WORK REQUIRED: Nothing outside the range is to be copied. From the entries below, reproduce exactly the lines starting at the one with "EDWARDIAN UPHOLSTERED BEDROOM" and ending at the one with "While the golden", without pictures.

DATA LISTING:
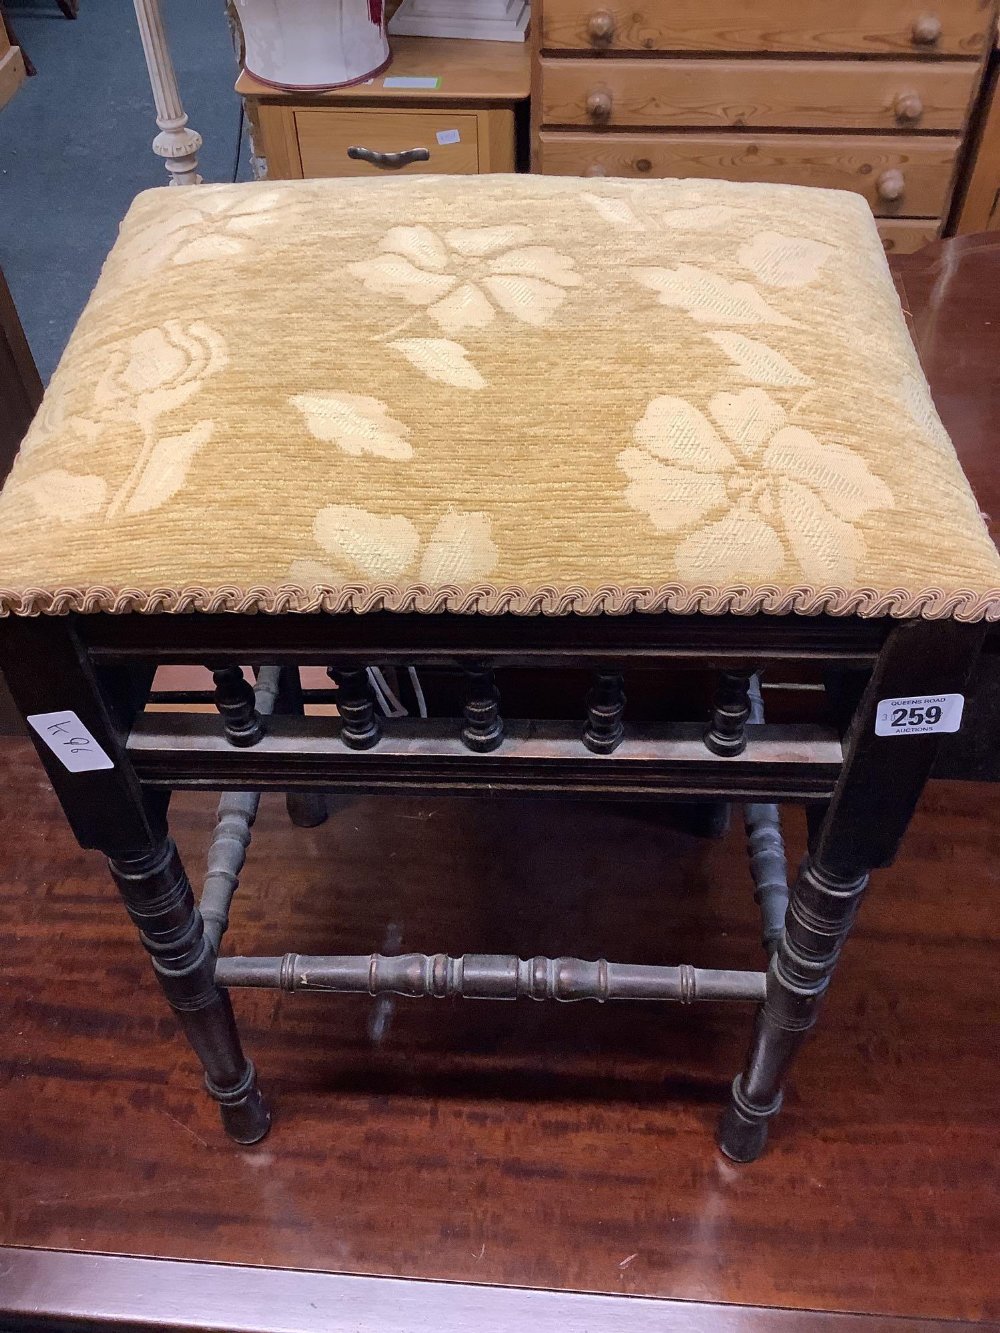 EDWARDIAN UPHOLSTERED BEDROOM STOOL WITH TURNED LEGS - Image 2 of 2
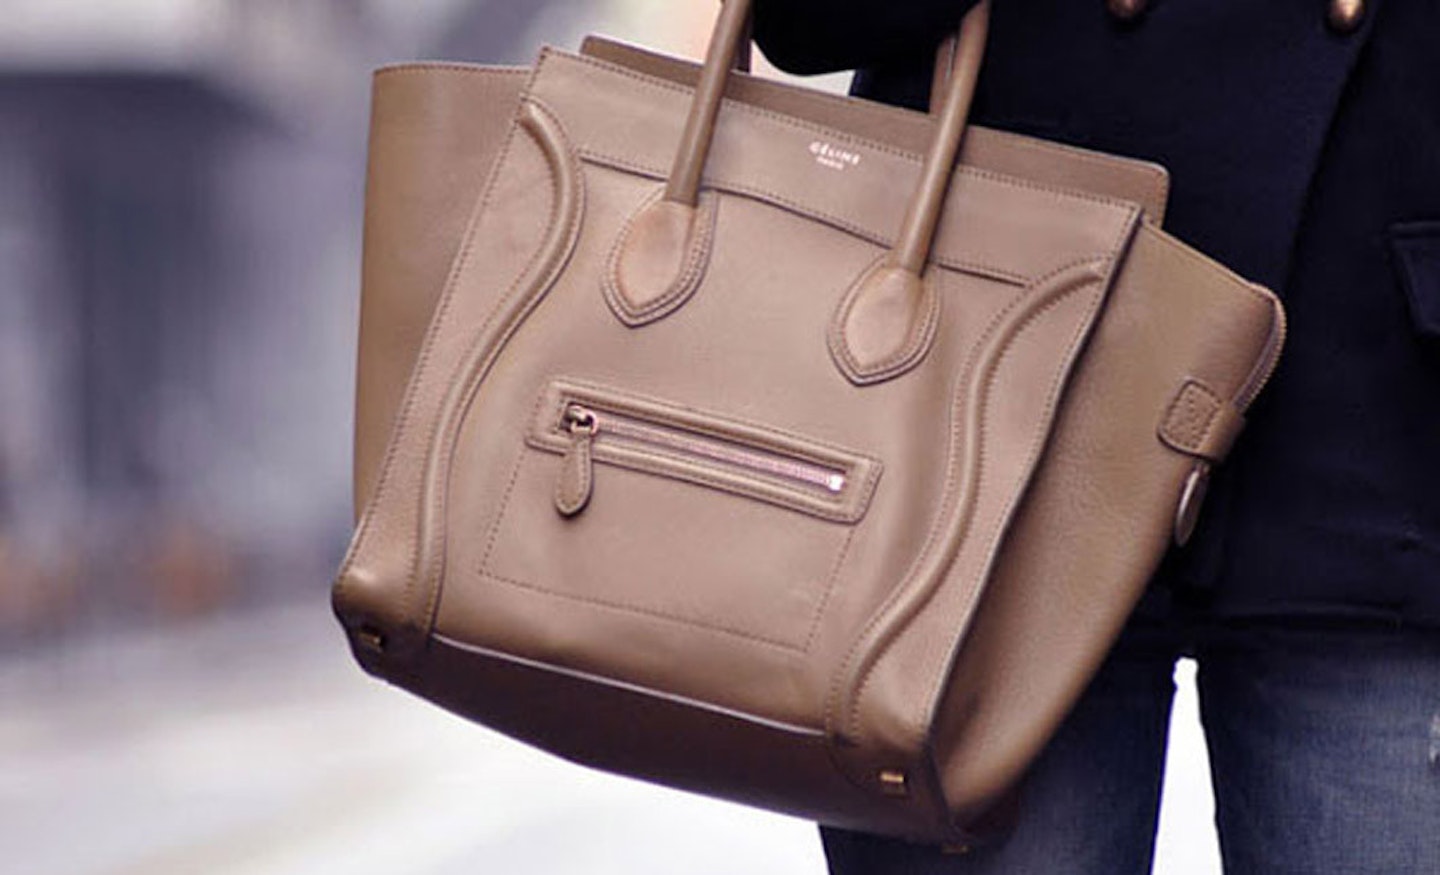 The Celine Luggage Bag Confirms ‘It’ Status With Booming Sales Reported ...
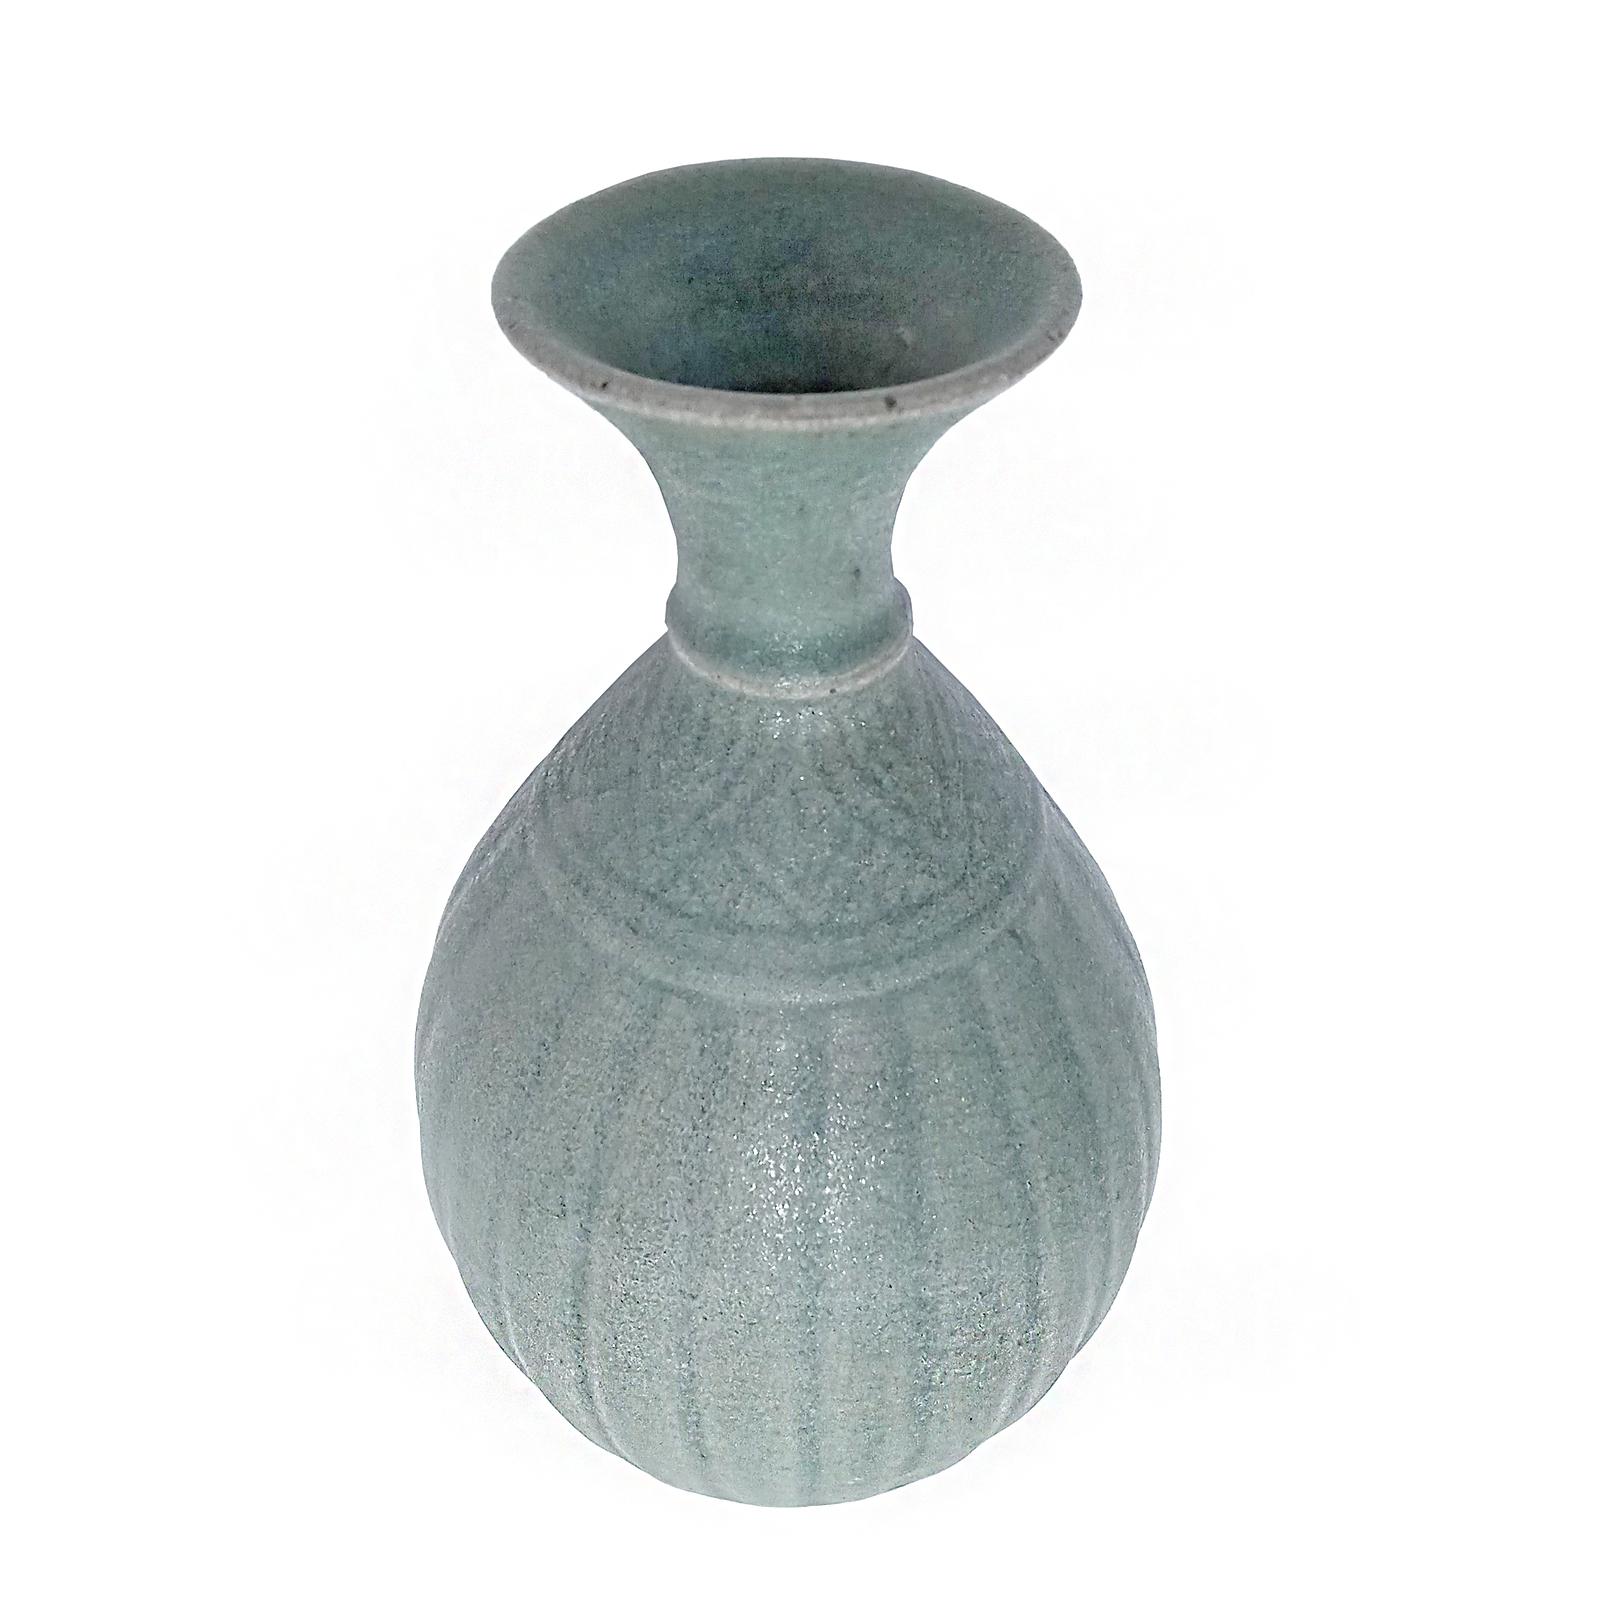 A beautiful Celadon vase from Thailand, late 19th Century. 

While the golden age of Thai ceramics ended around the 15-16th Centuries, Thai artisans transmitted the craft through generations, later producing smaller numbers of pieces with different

* * *

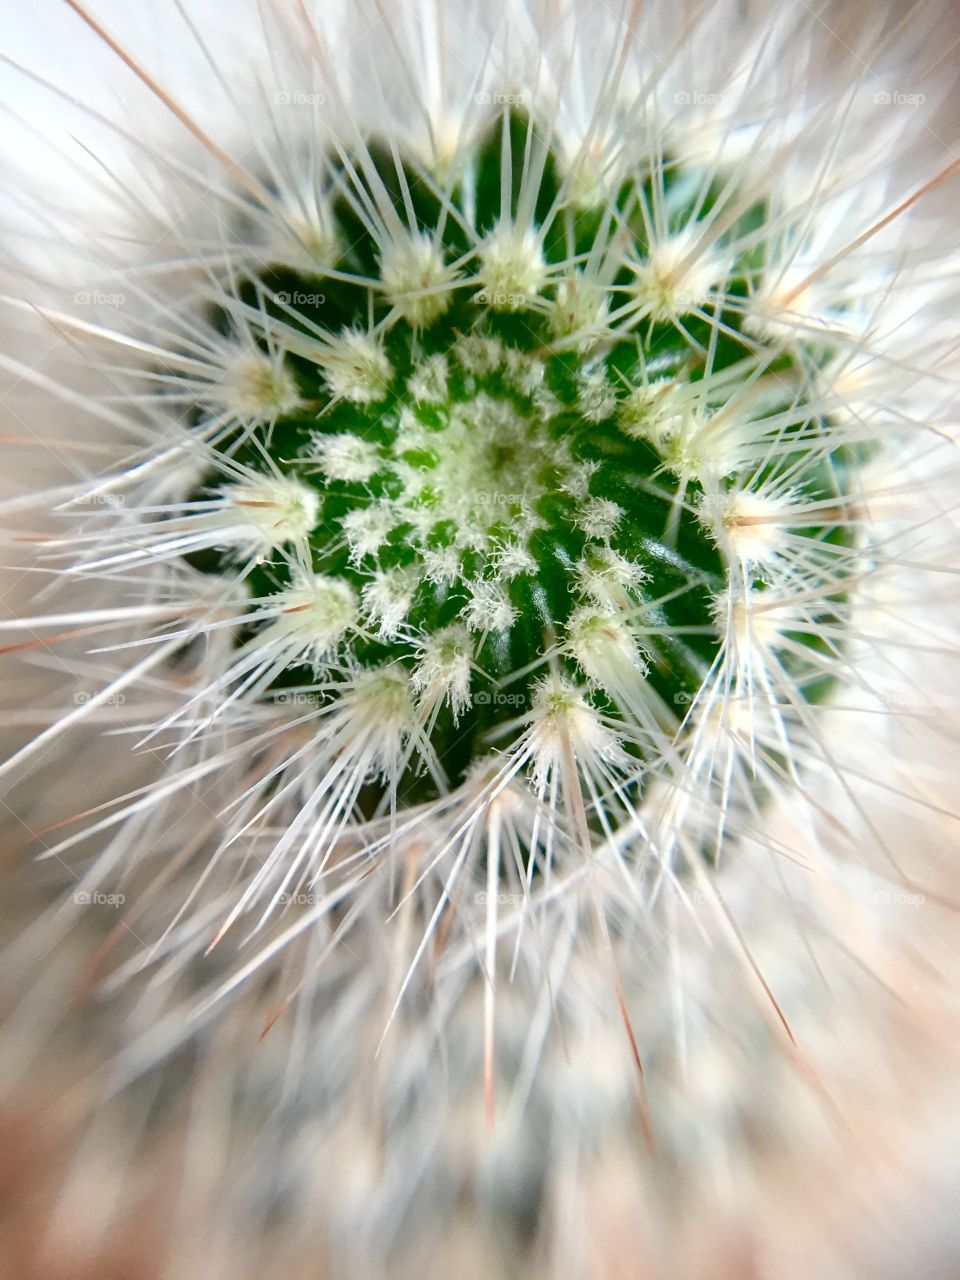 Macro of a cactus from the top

ANSWER:
 EDWARDIAN UPHOLSTERED BEDROOM STOOL WITH TURNED LEGS - Image 2 of 2
 The Celine Luggage Bag Confirms ‘It’ Status With Booming Sales Reported ...
 A beautiful Celadon vase from Thailand, late 19th Century. 

While the golden age of Thai ceramics ended around the 15-16th Centuries, Thai artisans transmitted the craft through generations, later producing smaller numbers of pieces with different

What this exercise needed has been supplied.